I’m encountering an issue while trying to copy files from an SFTP server to Blob Storage using Azure Data Factory (ADF) Copy Activity. The specific error message I’m receiving is as follows:
ErrorCode=DelimitedTextMoreColumnsThanDefined,’Type=Microsoft.DataTransfer.Common.Shared.HybridDeliveryException,Message=Error found when processing ‘Csv/Tsv Format Text’ source ‘CRM_XXX_###.CSV’ with row number 1140713: found more columns than expected column count 369.,Source=Microsoft.DataTransfer.Common,’
Context:
- I’m using Azure Data Factory to copy CSV files from an SFTP server to Azure Blob Storage.
- The CSV file ‘CRM_XXX-###.CSV’ is quite large and contains many rows (3.8 GB).
- The specified column count in the dataset schema is 369.
Problem:
- The error occurs at row number 1,140,713 where it seems to find more columns than expected (more than 369 columns).
- This error halts the copy activity, preventing the file from being fully processed and copied.
Steps I’ve Taken:
- Checked the dataset schema in ADF to ensure the column count is set to 369.
- Verified the CSV file format and structure to confirm it adheres to the expected column count.
- Tried to locate and inspect the problematic row (1,140,713) in the CSV file but couldn’t identify any anomalies manually as the file is too big.
Questions:
- What could be causing this discrepancy in the column count?

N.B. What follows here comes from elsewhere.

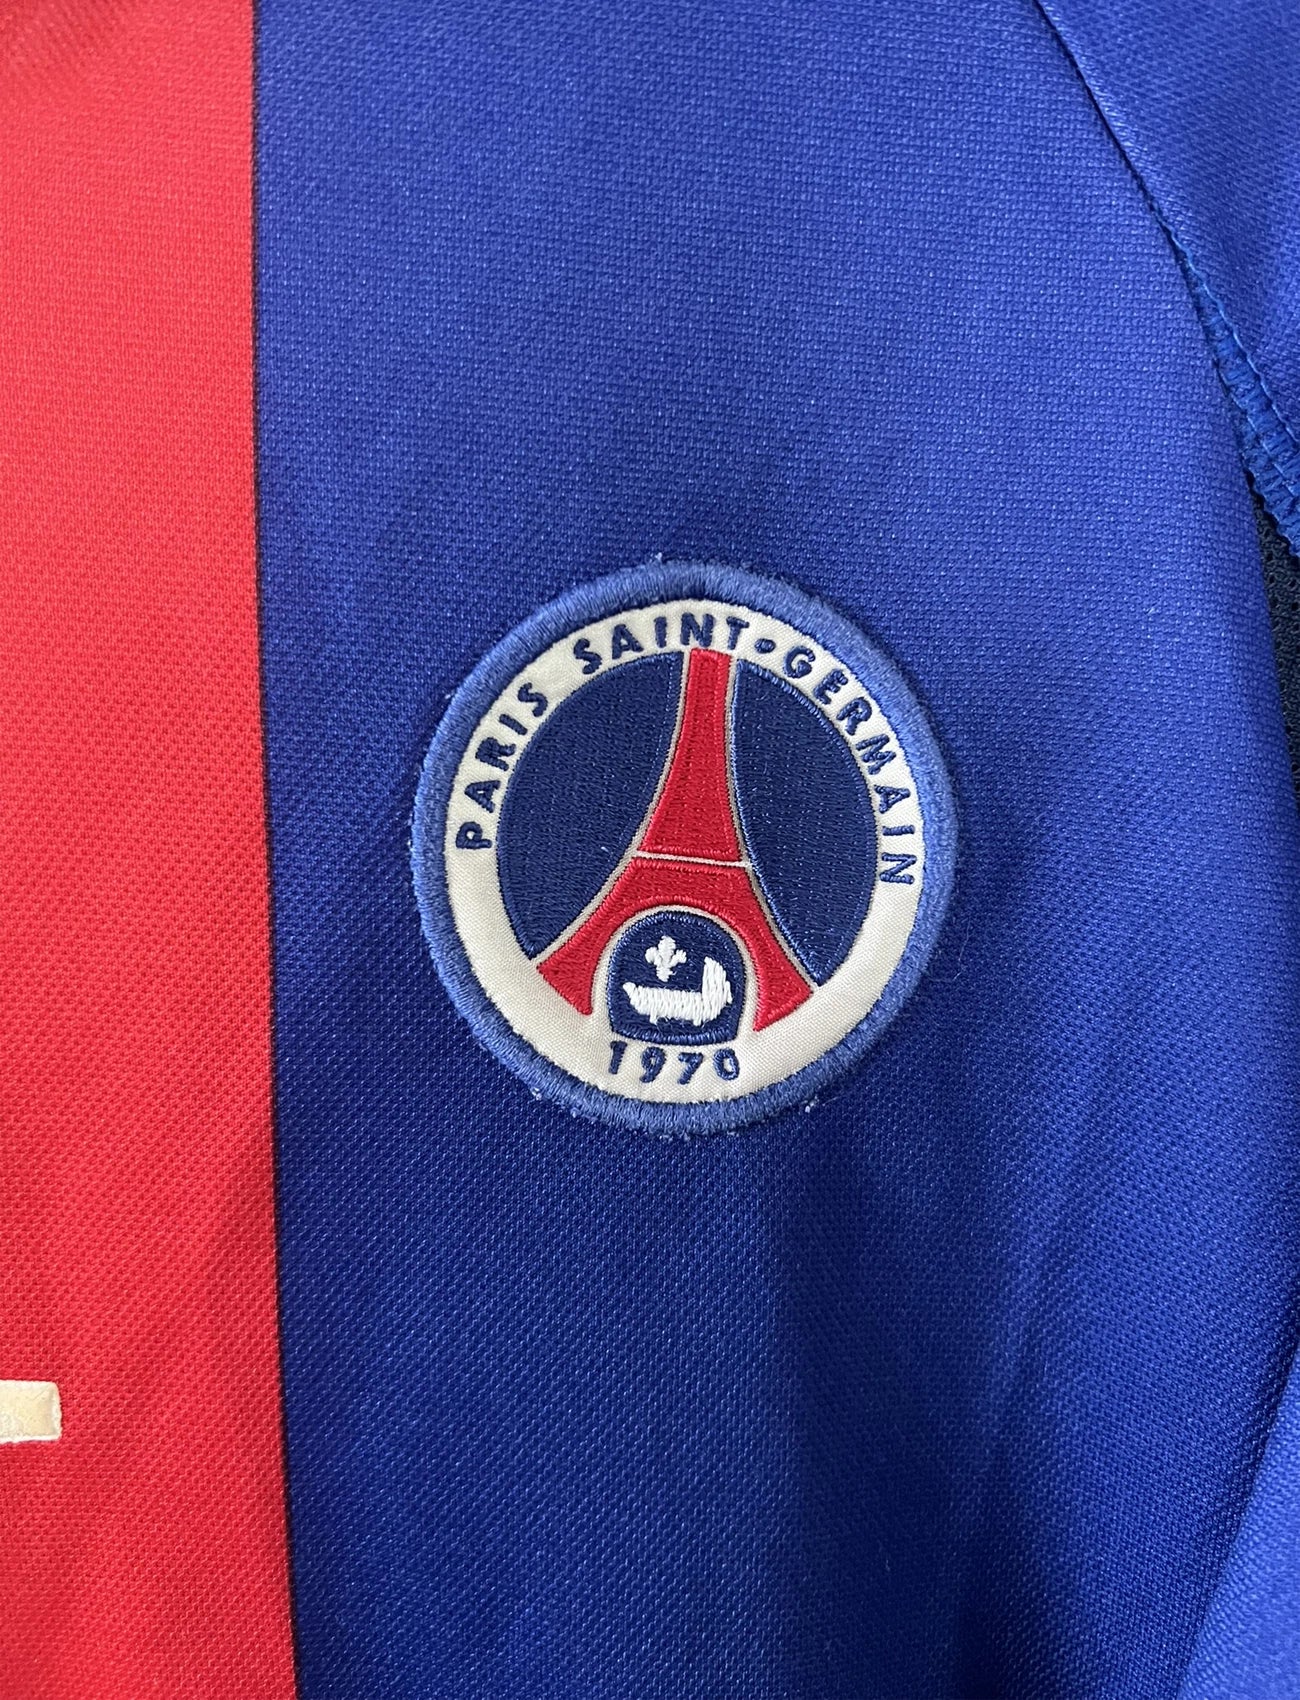 Maillot de foot vintage domicile du PSG de la saison 2000/2001. Le maillot est de couleur bleu et rouge. On peut retrouver l'équipementier nike et le sponsor OPEL

- Are there any best practices or tools to handle or preprocess large CSV files to avoid such issues in ADF?
- Is there a way to configure ADF to skip or log the problematic rows instead of failing the entire copy activity?
Additional Information:
- The source file is quite large (several million rows).
- Manually inspecting the entire file is not feasible due to its size.
Any insights or suggestions on how to resolve or work around this issue would be greatly appreciated!